Laila Anderson, an 11-year-old battling a potentially fatal inflammatory syndrome, has become a daily inspiration for the team and city — and now even has her own bobblehead likeness commissioned by the National Bobblehead Hall of Fame and Museum in Milwaukee.

And emotions will be at a fever pitch just before faceoff Sunday when 64-year-old Charles Glenn belts out the national anthem for the final time. Glenn, the team's singer for 19 years, announced earlier this year he was stepping aside due to the effects of multiple sclerosis but his career at the mic has been extended by the team's long postseason run.

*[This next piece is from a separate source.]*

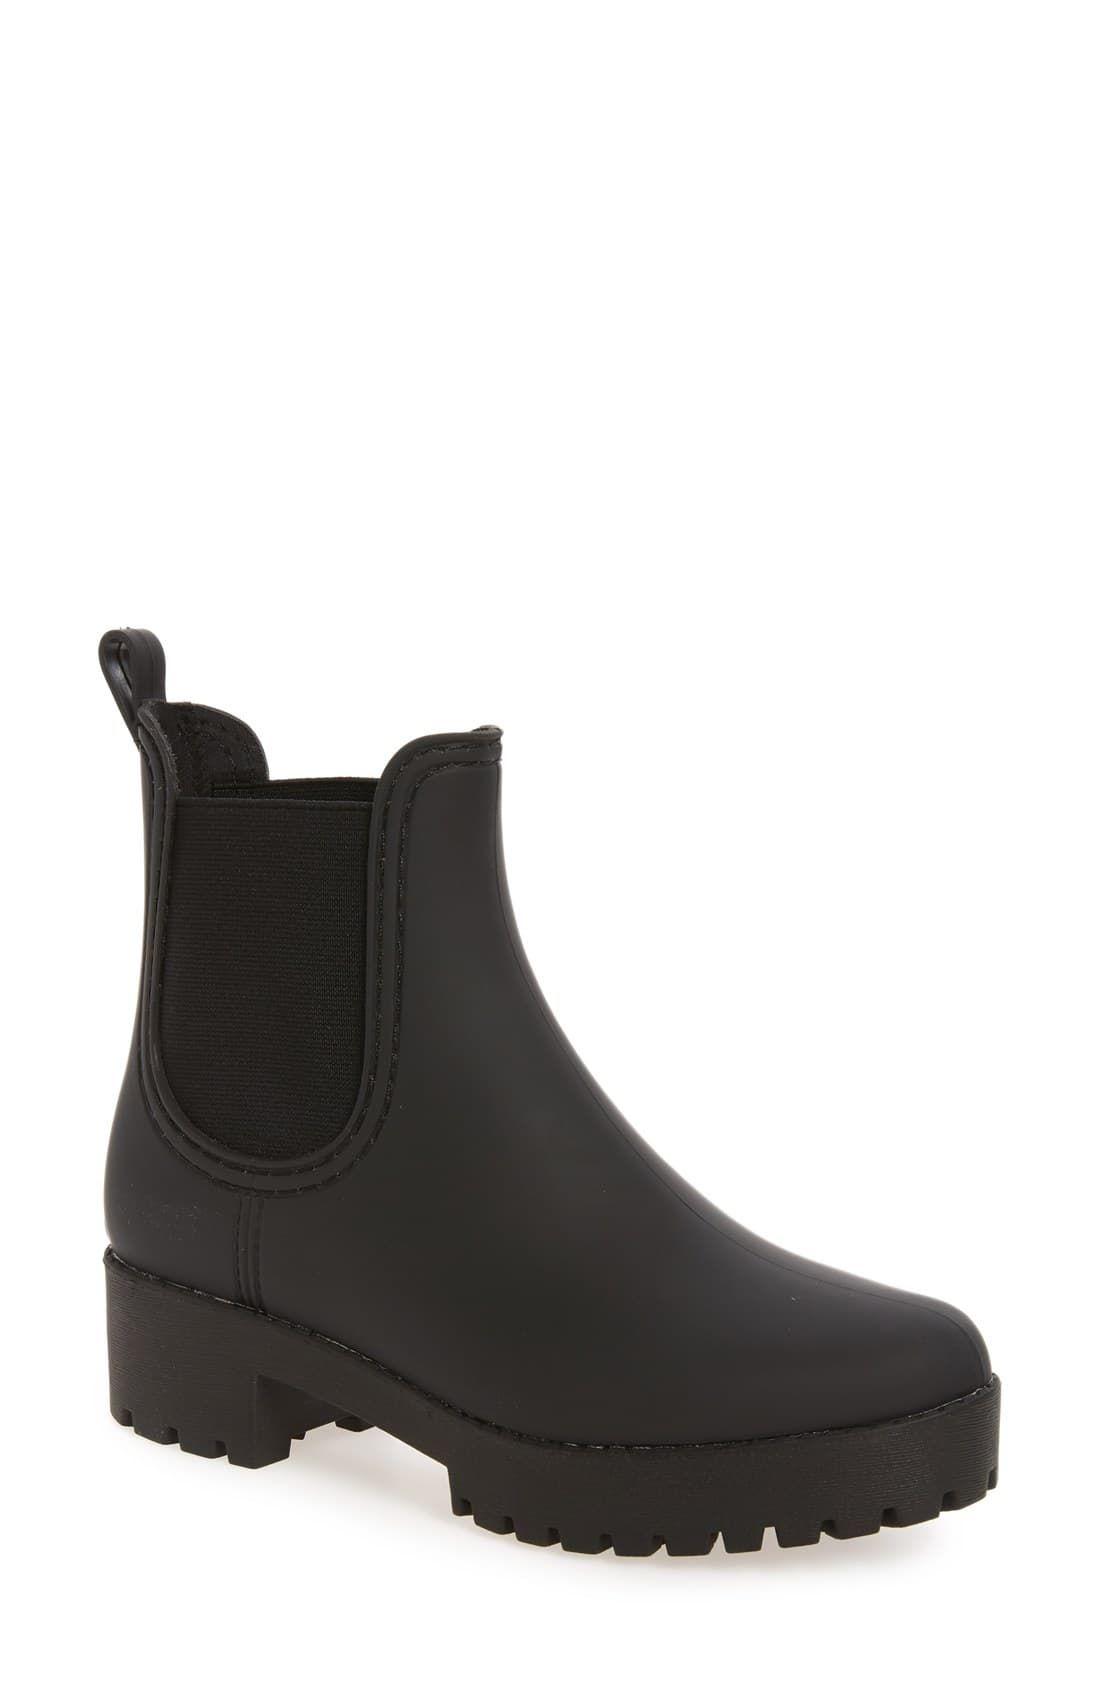 14 Best Rain Boots For Women 2020

With all those items swirling, the Blues' task will be to continue to get strong goaltending from Jordan Binnington; keep the clamps on Boston's top line, which has no even-strength goals in the series; and maintain discipline to stay out of the penalty box.

"This is all new for us," St. Louis center Brayden Schenn said. "You just worry about the little details of a game. Those will win you the game. You don't worry about the end result, the end picture of what might happen. Focus on having a good start, a good first period and go from there. Just like you always do."

O'Reilly said he tries to keep visions of lifting the Cup out of his mind.

"I try to occupy myself with other things," he said. "Obviously as a kid, it's what you've been dreaming of. Every time you lace them up it's the ultimate goal. It creeps in so often but it's one of those things you have to shut down, see it for what it is and know you have to stay in the present."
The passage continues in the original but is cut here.